◆ INFORMATION SHOWN
Start of Block

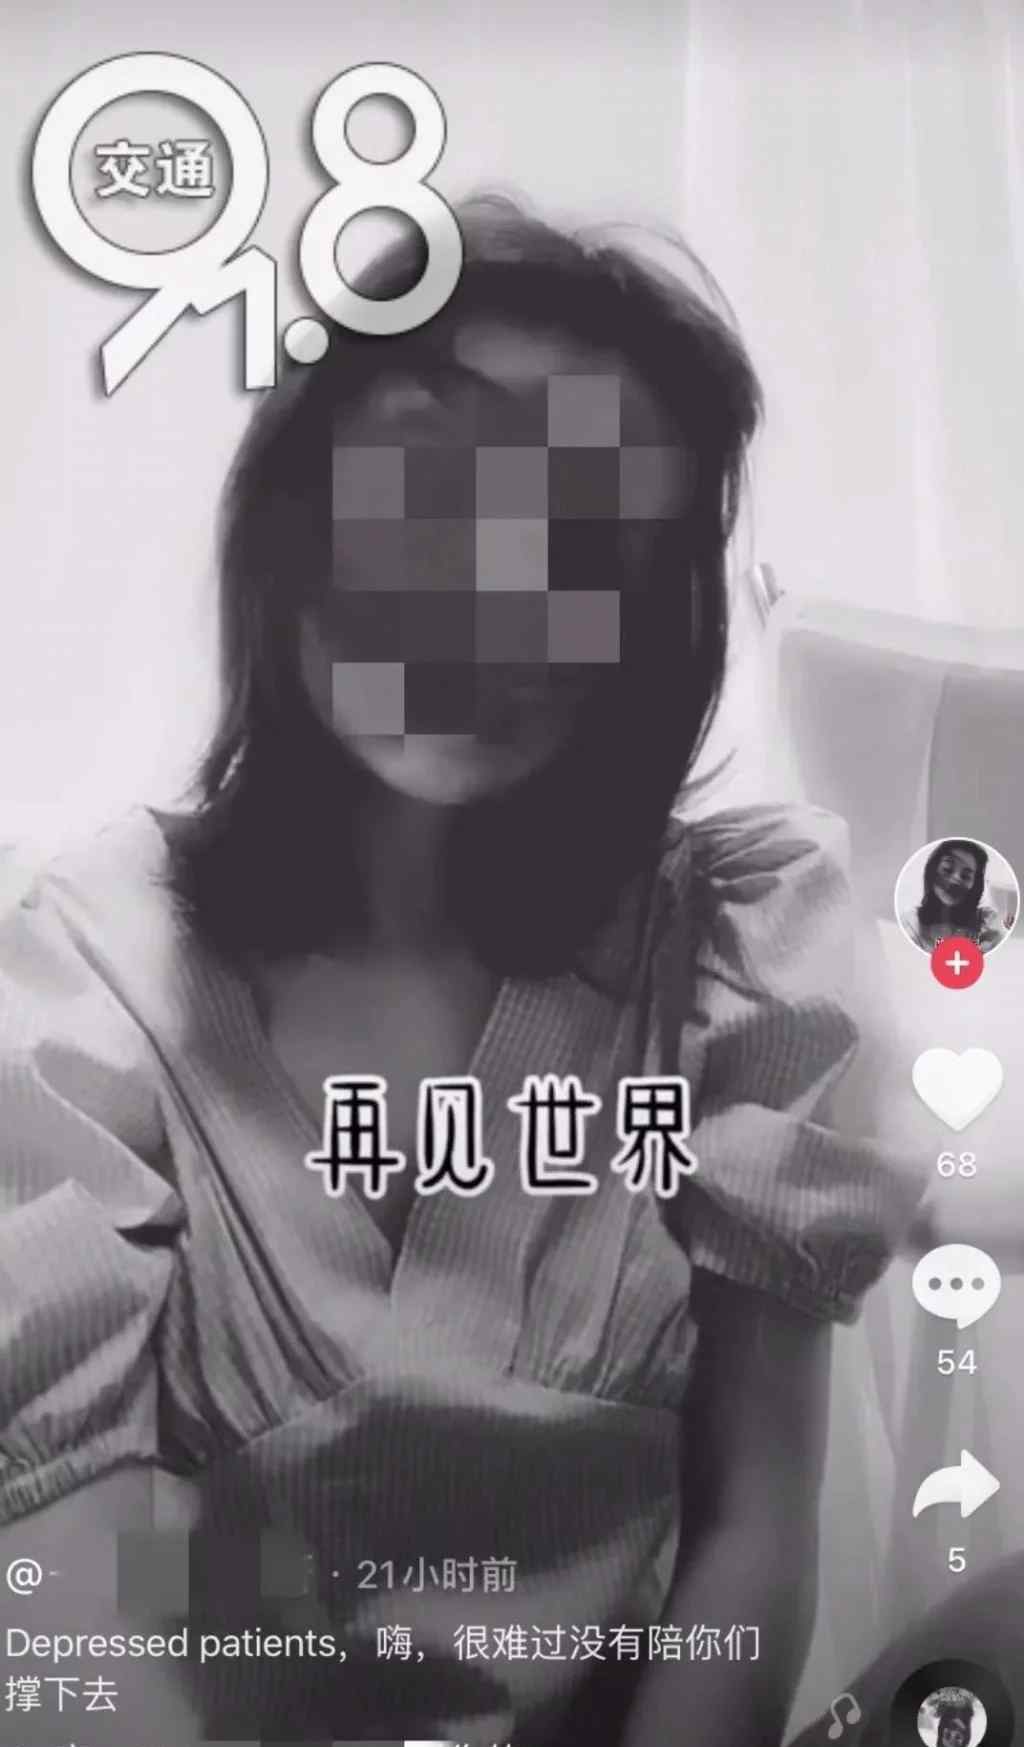 杭州抖音女主播直播自杀 吞30多颗安眠药
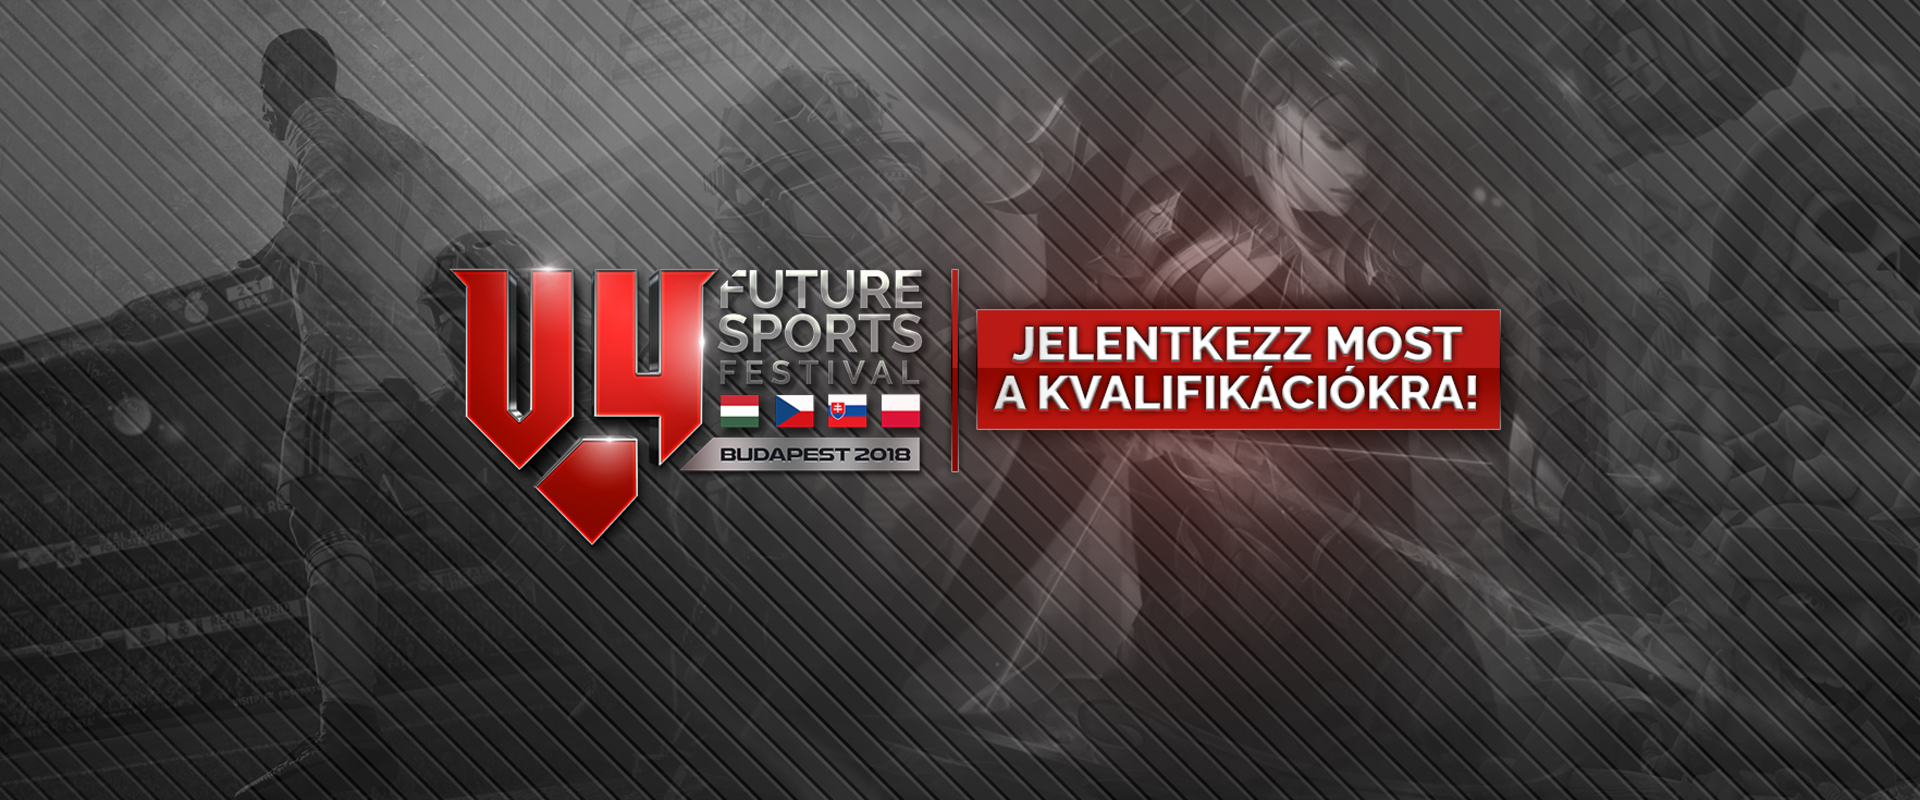 Már csak három napig jelentkezhettek a félmillió euró összdíjazású V4 Future Sports Festival CS:GO selejtezőre
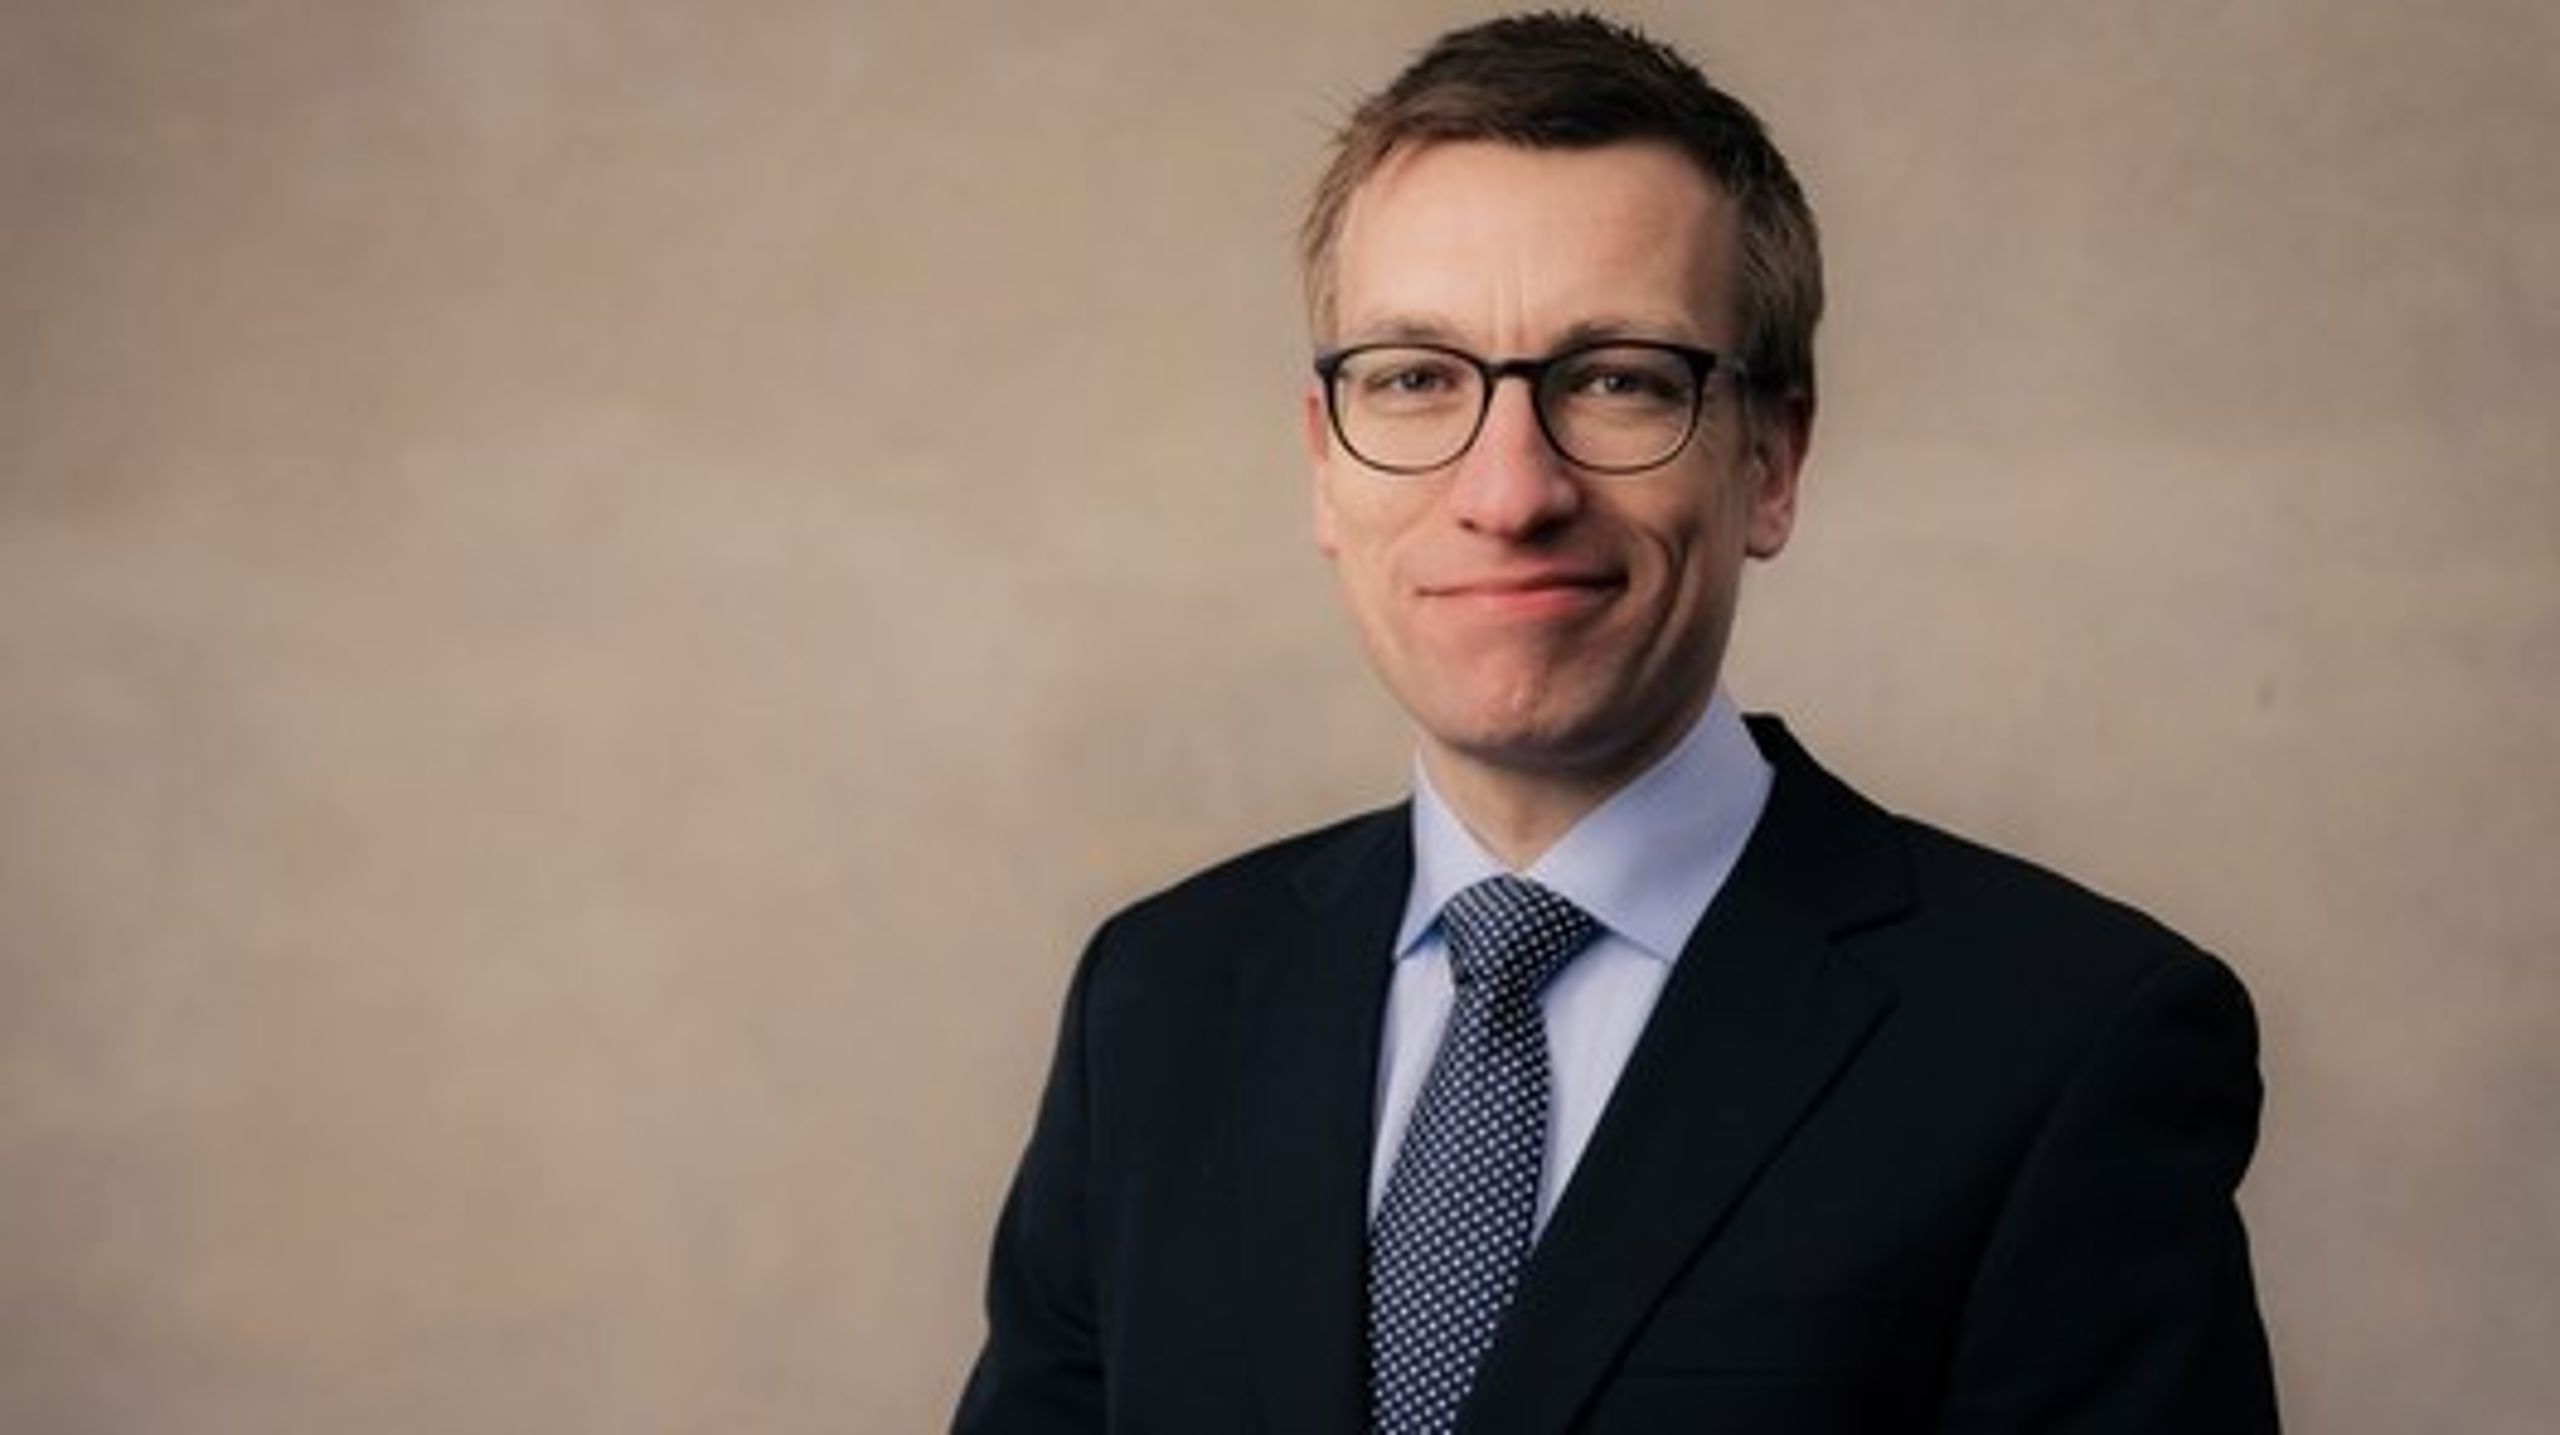 <div>CEPOS' fungerende cheføkonom, Jørgen Sloth, vil overtage rollen permanent fra det kommende år.<br></div>
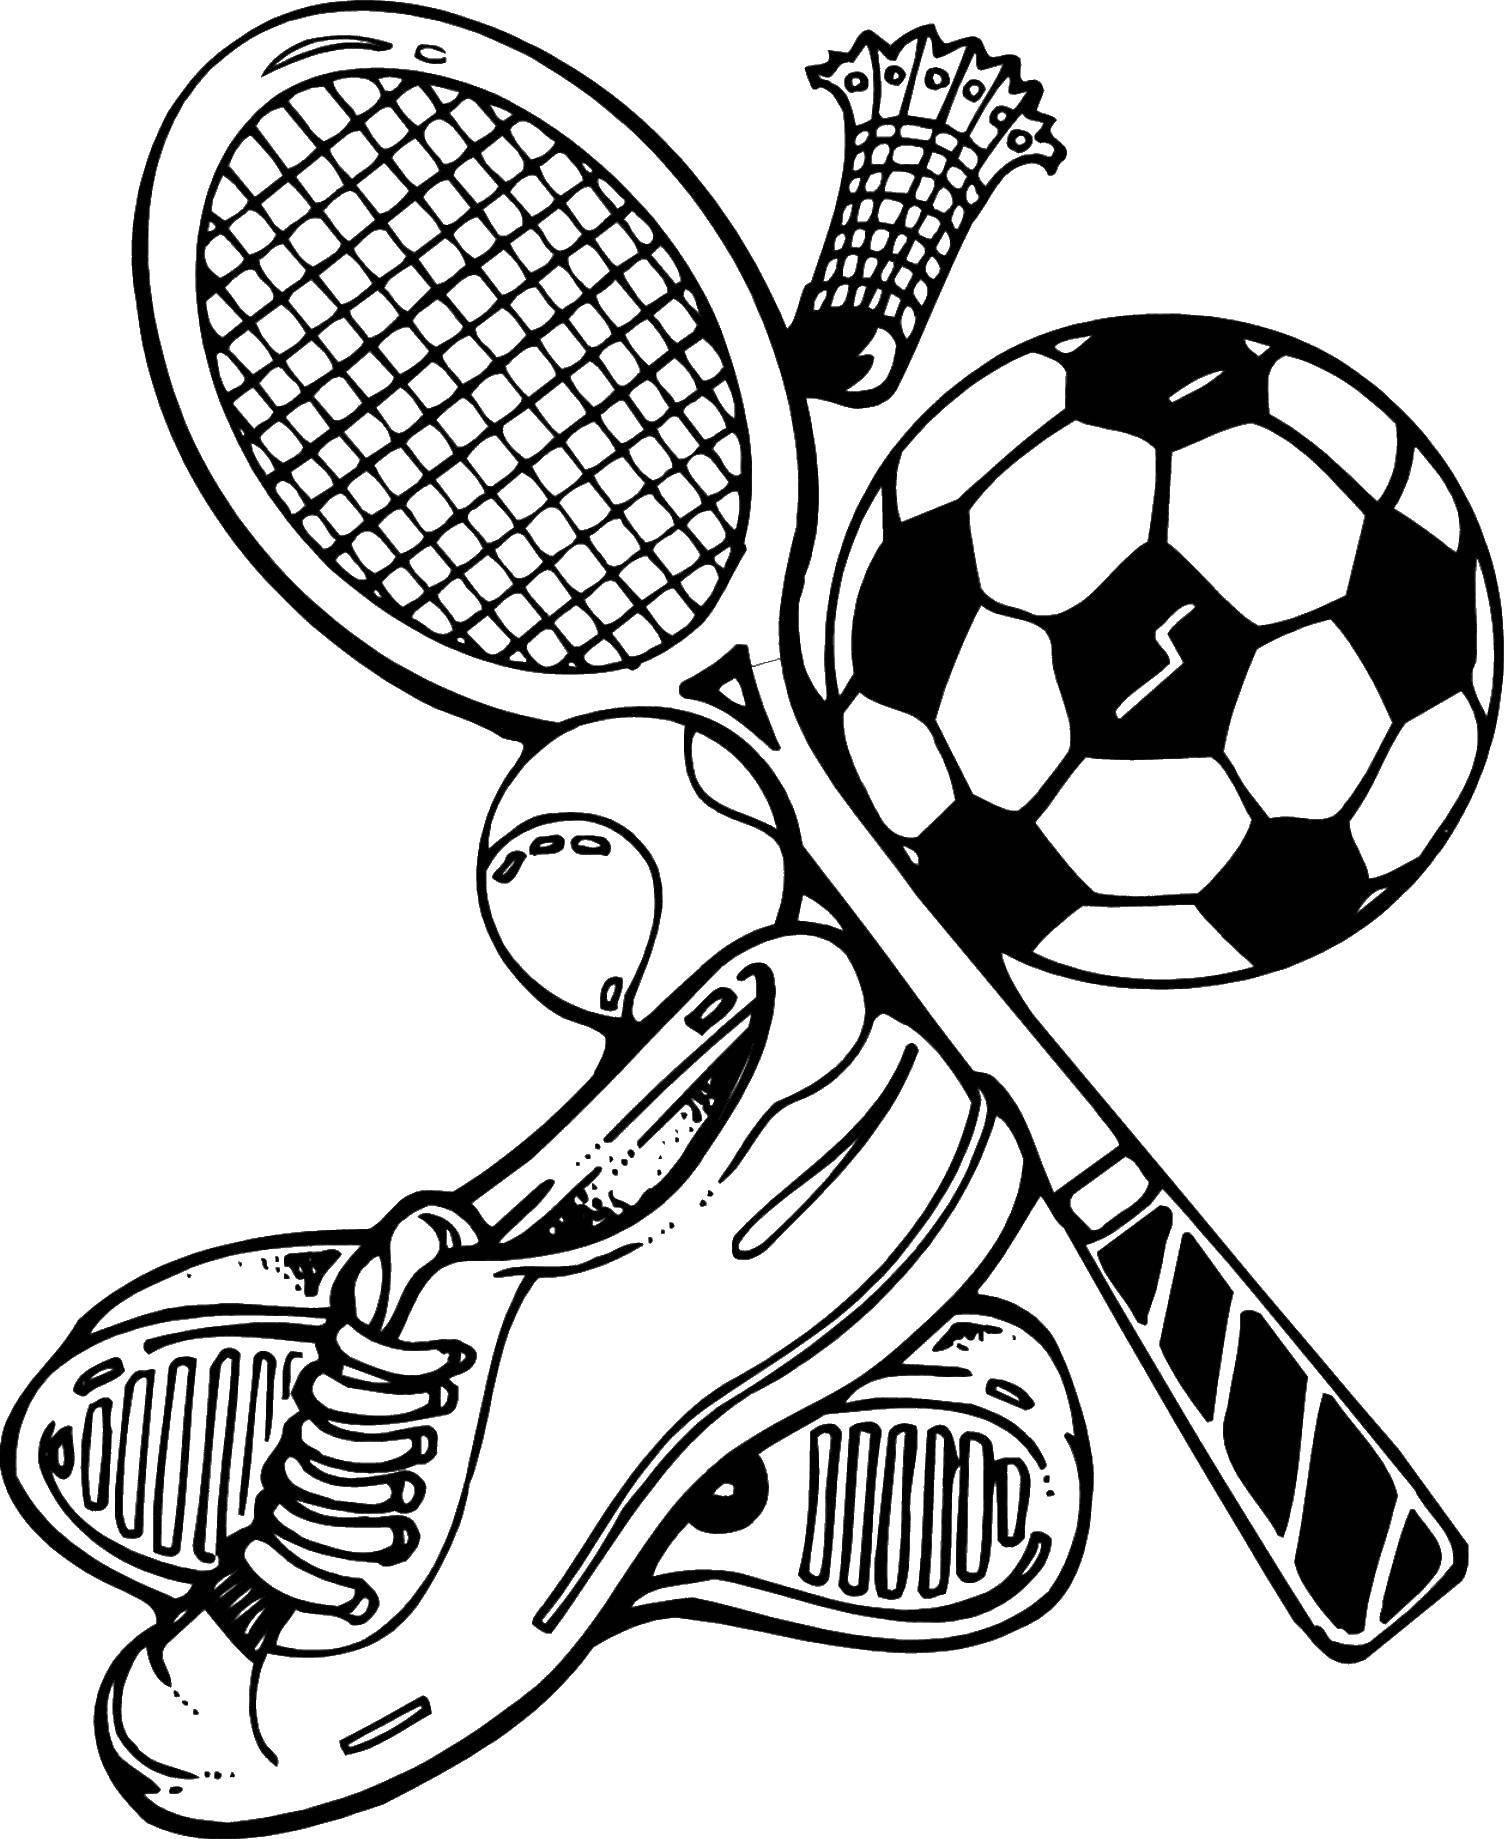 Название: Раскраска Теннисная ракетка, обувь и мячик. Категория: Спорт. Теги: Спорт, теннис, ракетка.

End of Block

◆ EXERCISE OBJECTIVE
Each line of the data above is to be output exactly; the pictures are not to appear.

◆ EXPECTED ANSWER
 杭州抖音女主播直播自杀 吞30多颗安眠药
 Már csak három napig jelentkezhettek a félmillió euró összdíjazású V4 Future Sports Festival CS:GO selejtezőre
 <div>CEPOS' fungerende cheføkonom, Jørgen Sloth, vil overtage rollen permanent fra det kommende år.<br></div>
 Название: Раскраска Теннисная ракетка, обувь и мячик. Категория: Спорт. Теги: Спорт, теннис, ракетка.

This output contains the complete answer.